Thus far, the “Making Decisions” series has presented tools and processes used primarily for prioritization or single selection decisions. Decision trees, in contrast, can be used to aid strategy decisions by mapping a series of possible events and outcomes.
Its graphical format allows a decision tree to present a substantial amount of information, while the logical progression of strategy decisions remains clear and easy to follow. The use of probabilities and monetary values of outcomes provides for a straightforward comparison of strategies.
Constructing a Decision Tree
In lieu of abstract descriptions and generic procedures, decision tree development will be elucidated by working through examples. To begin, the simple example posed by Magee (1964) of the decision to host a cocktail party indoors or outdoors, given there is a chance of rain, will be explored.
In this example, there is one decision with two options (indoors or outdoors) and one chance event with two possible outcomes (rain or no rain, a.k.a. “shine”). This combination yields four possible results, as shown in the payoff table of Exhibit 1. It could also be called an “outcome table,” as it only contains qualitative descriptions; use of the term “payoff table” becomes more intuitive with the introduction of monetary values of outcomes.
While the payoff table is useful for organizing one’s thoughts pertaining to the potential results of a decision, it lacks the intuitive nature of a graphical representation. For this, the information contained in the payoff table is transferred to a decision tree, as shown in Exhibit 2.
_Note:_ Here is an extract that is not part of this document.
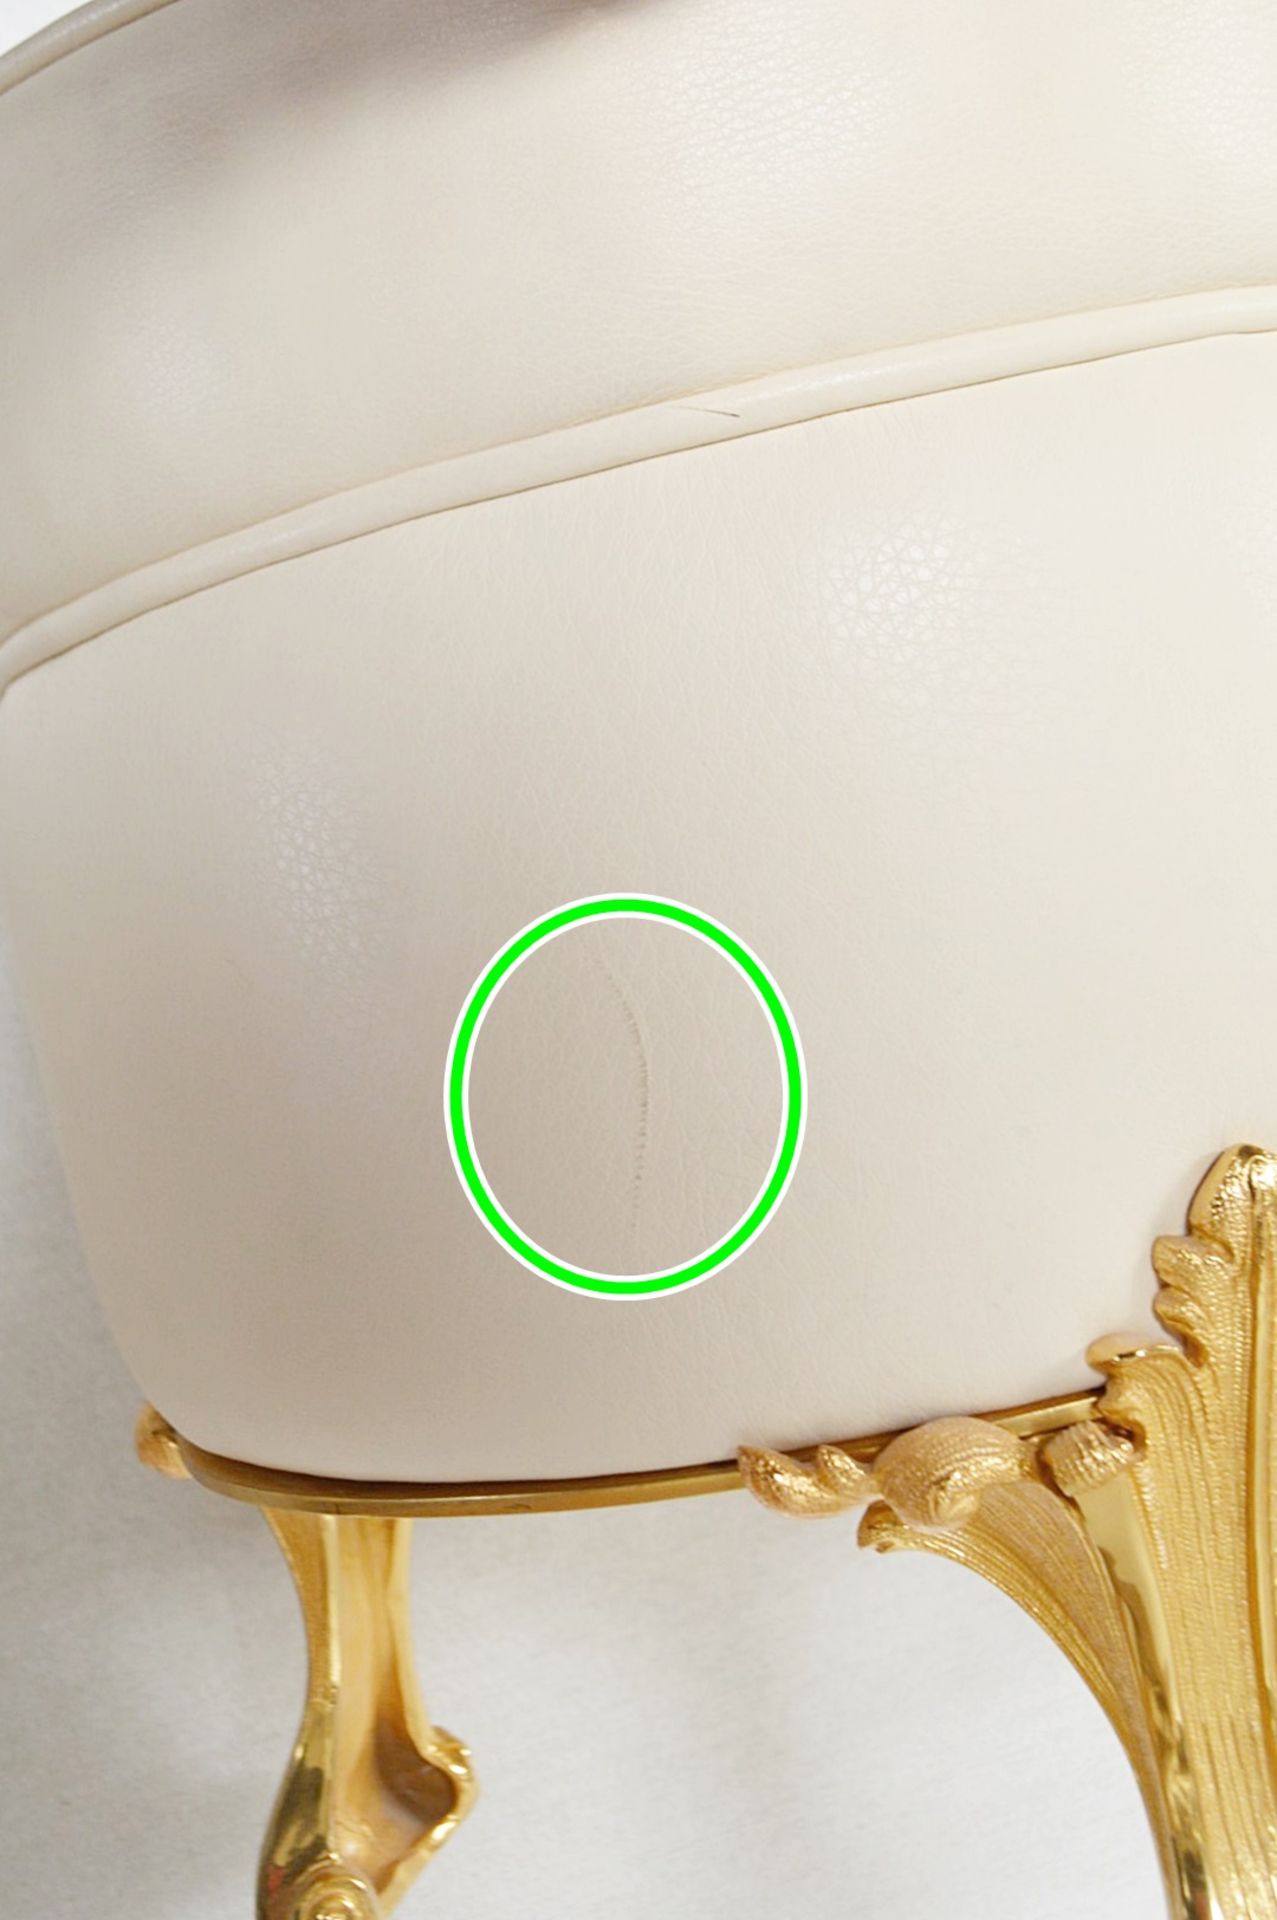 1 x BALDI Luxury Leather Upholstered Stool In Cream With Ornate Claw Feet In Gold - Italian Made - Image 6 of 8

Read from left to right, a decision tree presents a timeline of events. In this case, there is the decision (indoors or outdoors), represented by a square, followed by a chance event (rain or shine), represented by a circle, and the anticipated outcome of each combination (“disaster,” “real comfort,” etc.), represented by triangles. The square and circles are nodes and each triangle is a leaf; each are connected by branches. A summary of decision tree elements is provided in Exhibit 3.
The decision tree of Exhibit 2 provides an aesthetically pleasing presentation of the cocktail party host’s dilemma. However, beyond organizing information, its descriptive nature has done little to assist the host in making the required decision.
The power of the decision tree becomes evident when the financial implications of decisions are presented for analysis and comparison. To demonstrate this, we modify the cocktail party example to be more than a purely social gathering. Let’s say it is a fundraising event where attendees’ generosity is directly linked to their satisfaction with the event (i.e. comfort level).
This hypothetical fundraising scenario results in the payoff table of Exhibit 4 and the decision tree of Exhibit 5 that present anticipated amounts to be raised in each situation. Clearly, this is an important decision; the collection potential ranges from $30,000 to $100,000. However, the host is no closer to a rational decision, left to clutch a rabbit’s foot or make the decision with a dartboard.
What information would help the host decide? The probability of rain, naturally! The local meteorologist has forecast a 60% chance of rain during the fundraiser; this information is added to the decision tree, as shown in Exhibit 6. The best decision is still not obvious, but we are getting close now!
To compare the relative merits of each option available, we calculate expected values. The expected value (EV) of an outcome is the product of its anticipated monetary value (payoff) and the probability of its occurrence. For example, a rainy outdoor event has an anticipated payoff of $30,000 and a 0.60 probability of occurrence. Therefore, EV = $30,000 x 0.60 = $18,000. Likewise, the expected value of an outdoor event with no rain is EV = $100,000 x 0.40 = $40,000. The EV of a chance node is the sum of its branches’ EVs; thus EVout = $18,000 + $40,000 = $58,000 for an outdoor event. The expected value of an indoor event is calculated in the same way; EVin = $62, 000.
Expected value calculations are shown to the right of the decision tree in Exhibit 7. The calculations are not typically displayed; they are included here for instructional purposes.
The EV of a decision node, or its position value, is equal to that of the preferred branch – the one with the highest payoff or lowest cost (if all are negative). Hence, the position value of this decision is $62,000 and the event will be held indoors. Two hash marks are placed through the “outdoors” branch to signify that it has not been selected; this is called “pruning” the branch. The completed, pruned decision tree is shown in Exhibit 7.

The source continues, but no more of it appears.